Tarqui is a rural parish (parroquia) in Cuenca Canton, Azuay, Ecuador. Cuenca, officially known as Santa Ana de los Cuatro Ríos de Cuenca, is the capital of the Azuay province located in southern Ecuador. It is made up of 15 urban parishes and 22 rural parishes, including Tarqui. The parish is divided into 26 communities as follows.

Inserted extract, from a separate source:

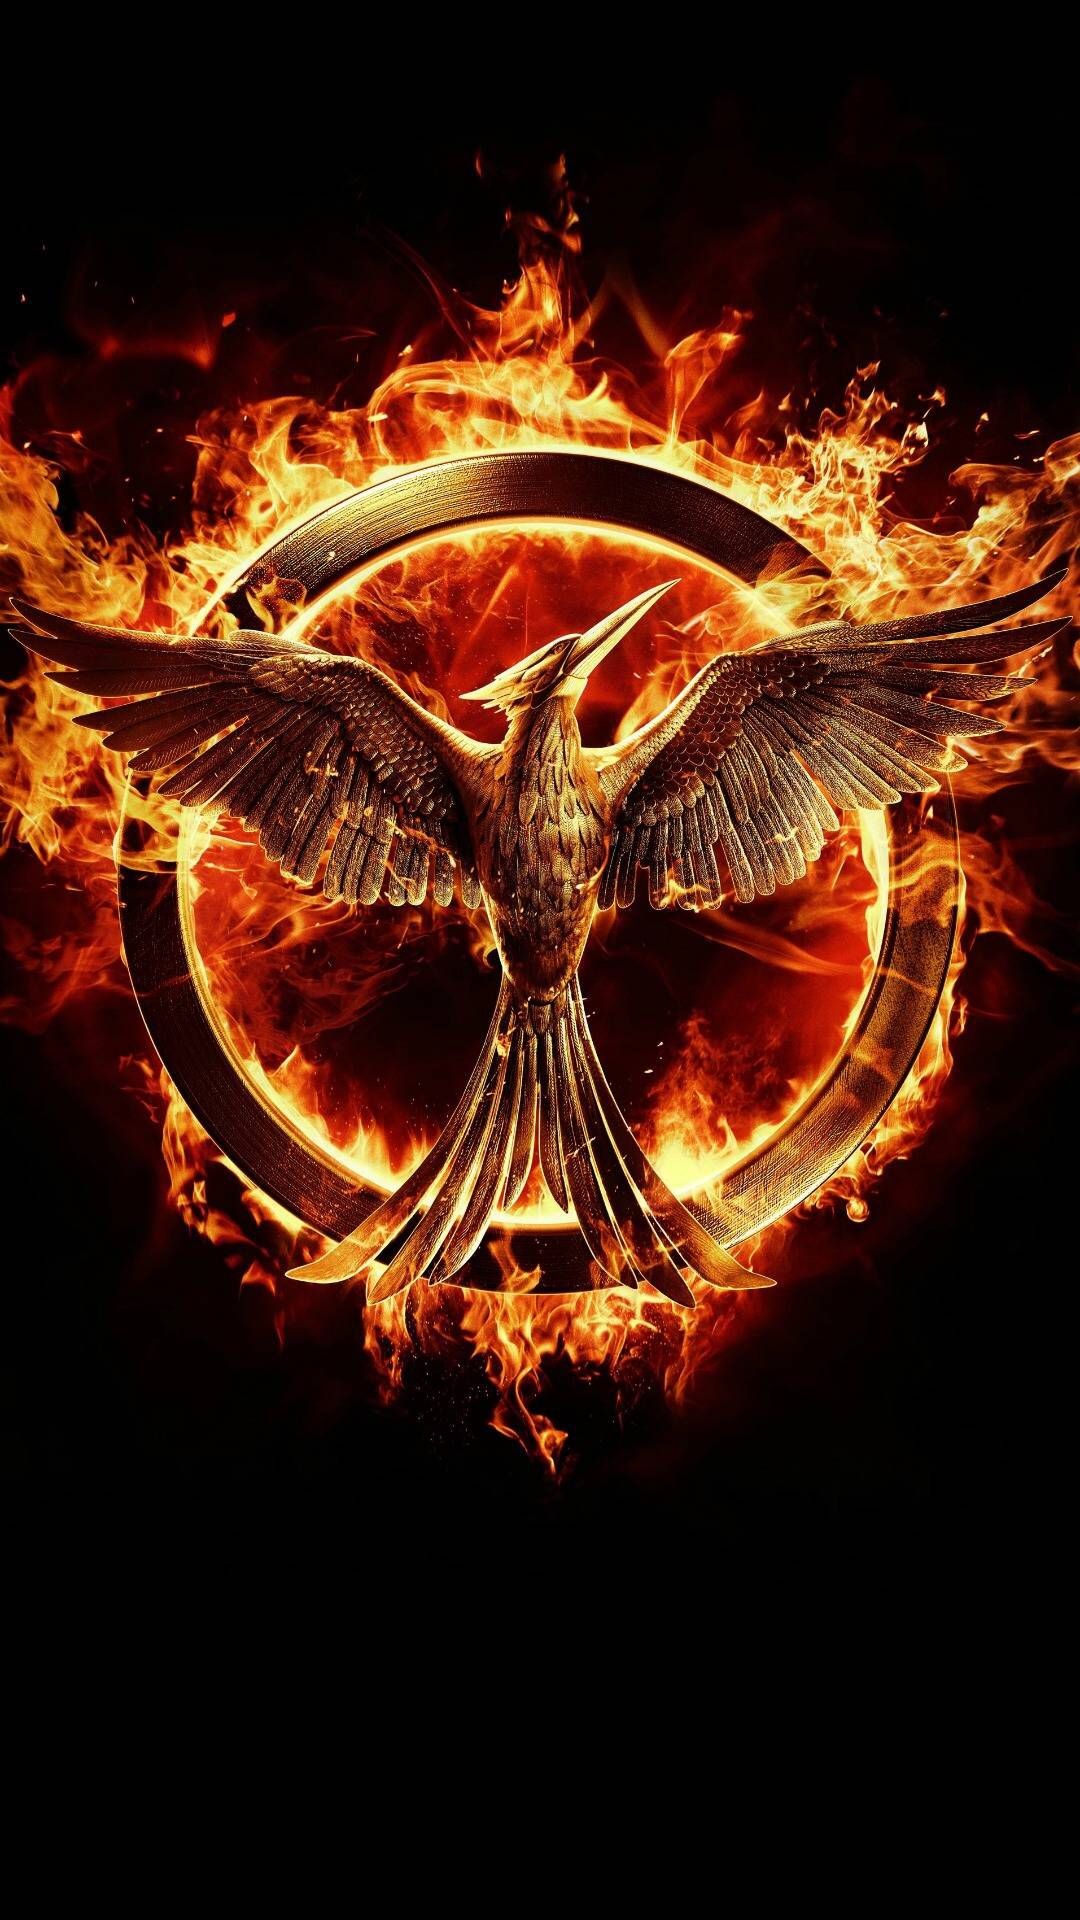 Hunger Games: The sci-fi survival film adaptation of the novel of the same name by Suzanne Collins. 1080x1920 Full HD Background.

It encompasses the communities of Atucloma, Santa Lucrecia, Tañiloma, Acchayacu, Bellavista, Las Américas - Estación, Gullanzhapa, Morascalle, Tutupali Chico, Tutupali Grande, Manzanapamba, El Verde, Chaullayacu, Santa Rosa, Chilcatotora, Parcoloma, San Pedro de Yunga, Chilcachapar, Cotapamba, Francesurco, San Francisco de Totorillas, Rosa de Oro, Santa Teresa, and Gulagpugro.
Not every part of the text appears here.